May 11, 2021

Picasso’s submerged Iberia

& # 039; Autoportrait & # 039; by Pablo Picasso.

‘Autoportrait’, by Pablo Picasso.

Little by little the artistic life, the billboards of the great museums and exhibition centers of our country resume their most ambitious projects, postponed by the irruption of the global pandemic. On May 1, the Botín Center of Santander will premiere one of the most anticipated exhibitions of the season, Picasso Íbero, a suggestive and pioneering investigation into one of the least studied edges of the inexhaustible corpus of Pablo Picasso: the influence of Iberian art in his work.

About 200 Iberian pieces from Spanish and French collections (including some of the fundamentals of the Musée du Louvre) and Italian, as well as loans of works from the Almine and Bernard Ruiz-Picasso Foundation for Art (FABA), from the Museo Picasso Málaga, the Museo Nacional Thyssen-Bornemisza, the Museo Nacional Centro de Arte Reina Sofía, the Fundación Juan March, the Musée national d’art moderne-Center Pompidou and private collectors, reveal the commitment and high sights of the storm (until September 12).

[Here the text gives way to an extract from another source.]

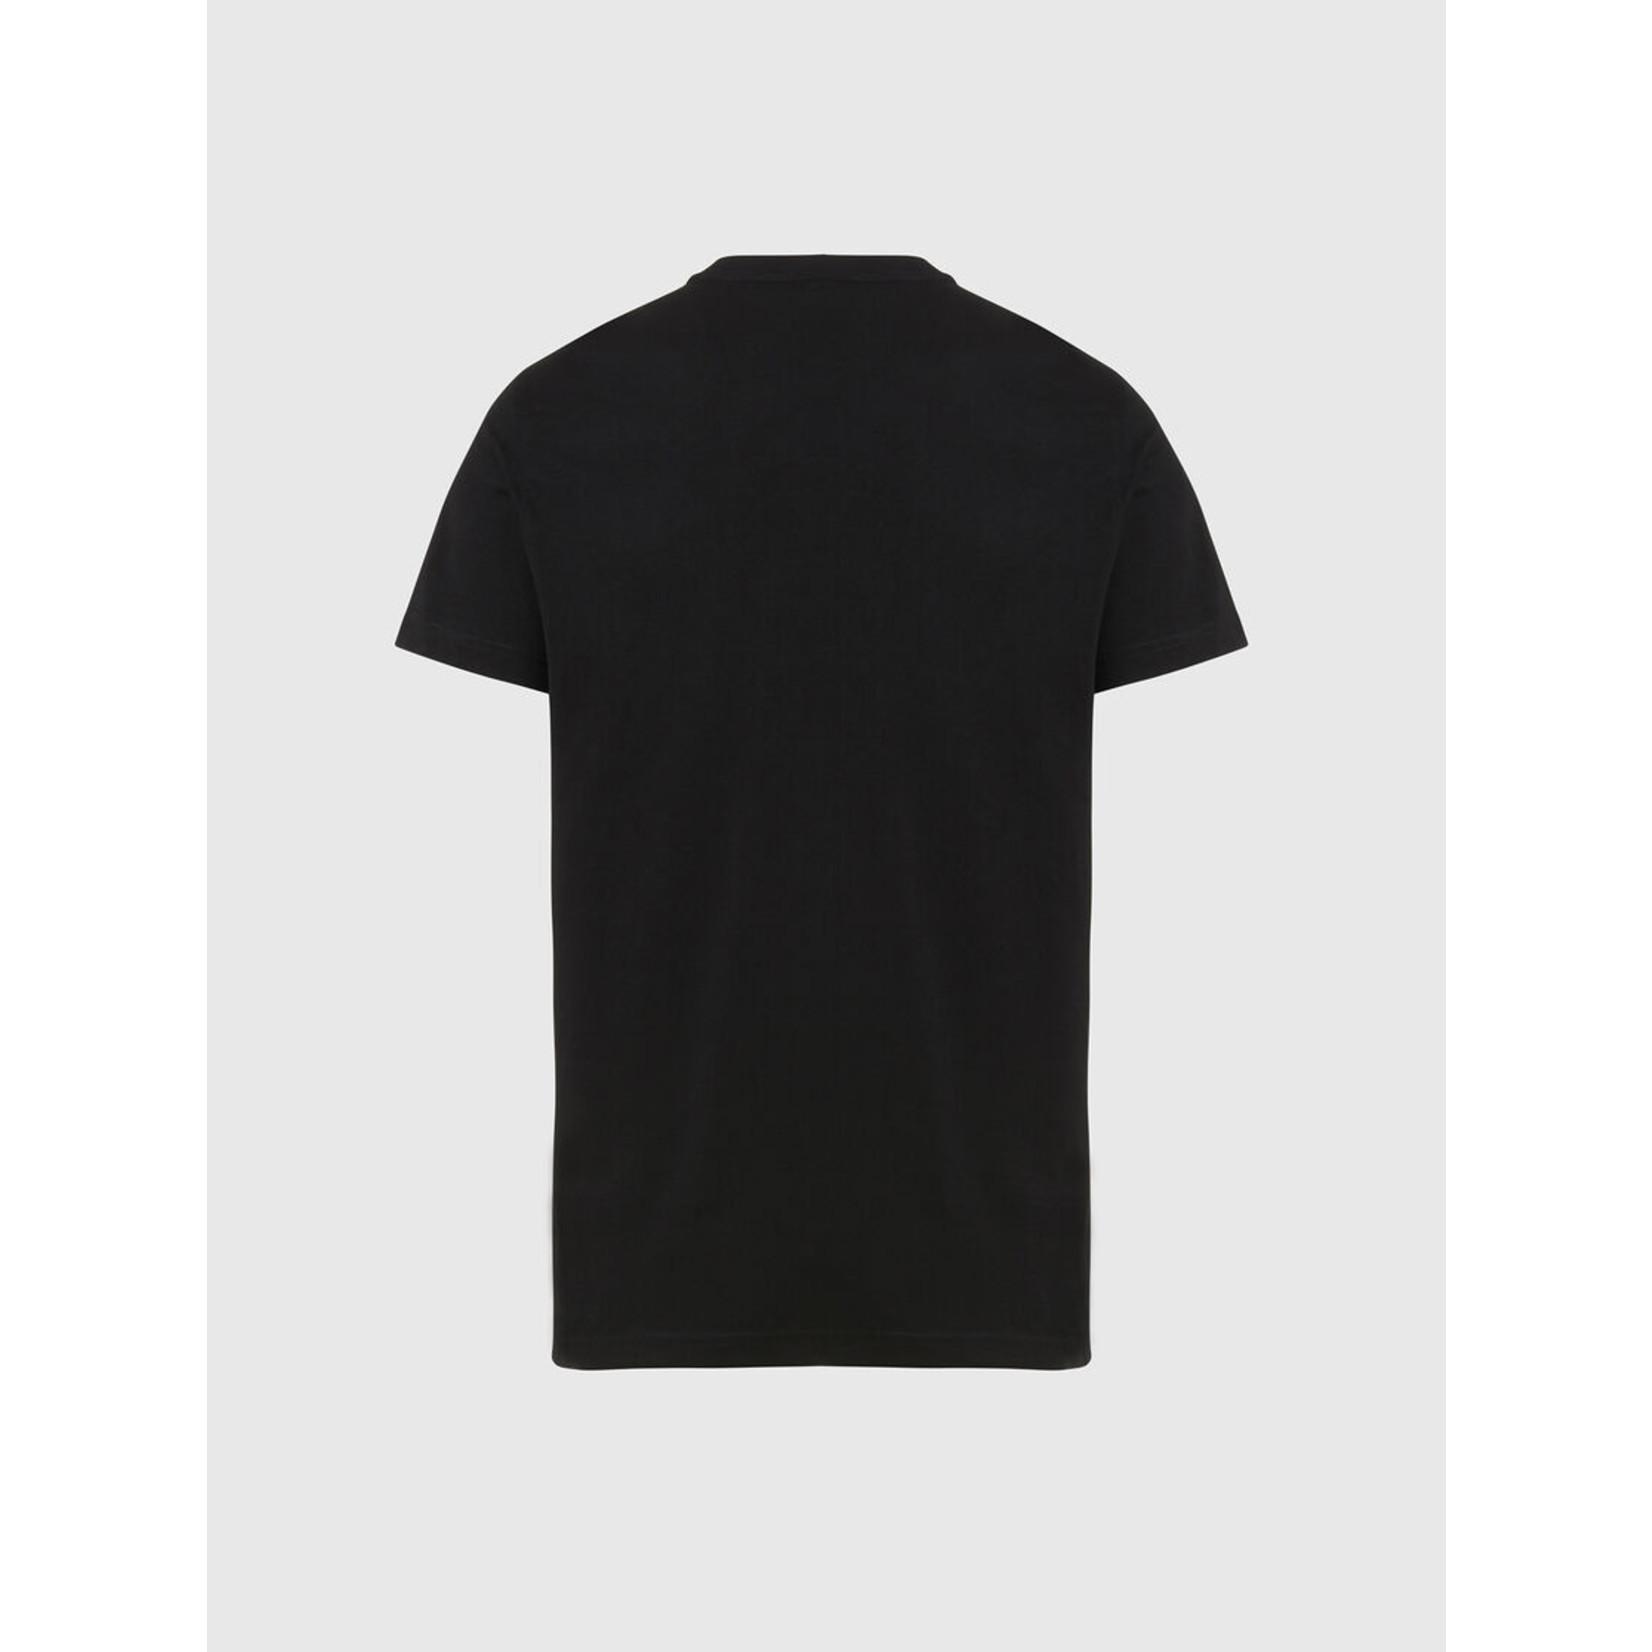 DIESEL DIESEL T-SHIRT DIEGOS N35 - BLACK

“Picasso came to venerate archaic Iberian sculptures because they constituted one of Spain’s few contributions to the art of Antiquity and also because they represented his own roots. They had been carved by mestizo people who – like his own family – had emigrated to Andalusia before move to the northern lands. In addition to the atavistic spell, its roughness and lack of distinction were the work of someone who longed to demolish traditional canons of beauty, “wrote John Richardson, one of the great scholars of the life and work of the genius of La Merced.

‘Toro’, by Pablo Picasso.

Pablo Picasso became acquainted with Iberian art not in his land but, at the beginning of 1906, in France, precisely at the Louvre, where at that time an important exhibition of sculptures and recently excavated artifacts was exhibited. This discovery marked a turning point in his formal research and took him from a more classical work to the leap that cubism represented in his work. The Botín Center offers the visitor a complete overview of the artist’s works from his proto-cubist period to his last years, while examining the fertile dialogue that goes from the Iberian period, from which we follow the determining developments that led Picasso from the pink period to a selection of works from 1908, to the works in which – formally or conceptually – resonate. great themes, characteristics and practices of Iberian art, the latter being the ones that lead us to its last years of creation and which include an immense variety of artistic techniques and gestures.

For Cécile Godefroy, curator of the imminent exhibition, “Picasso Íbero is a very enriching visual experience, which allows the diversity and artistic style of the Iberian people to be disseminated to a greater number of people, all through the greatest set of works ever before exhibited and that, in addition, dialogue with the work of Picasso “. The exhibition reveals Malaga’s discovery of an indigenous and primitive art, which coincides with a crucial moment of questioning academicism, contributed to the formation of an exceptional identity and artistic language, in Godefroy’s opinion. A unique opportunity that aims to open the debate on the influences and practices of one of the greatest artists of the 20th century, while revealing the beauty and importance of the Iberian in the birth of an ism as fundamental as Cubism.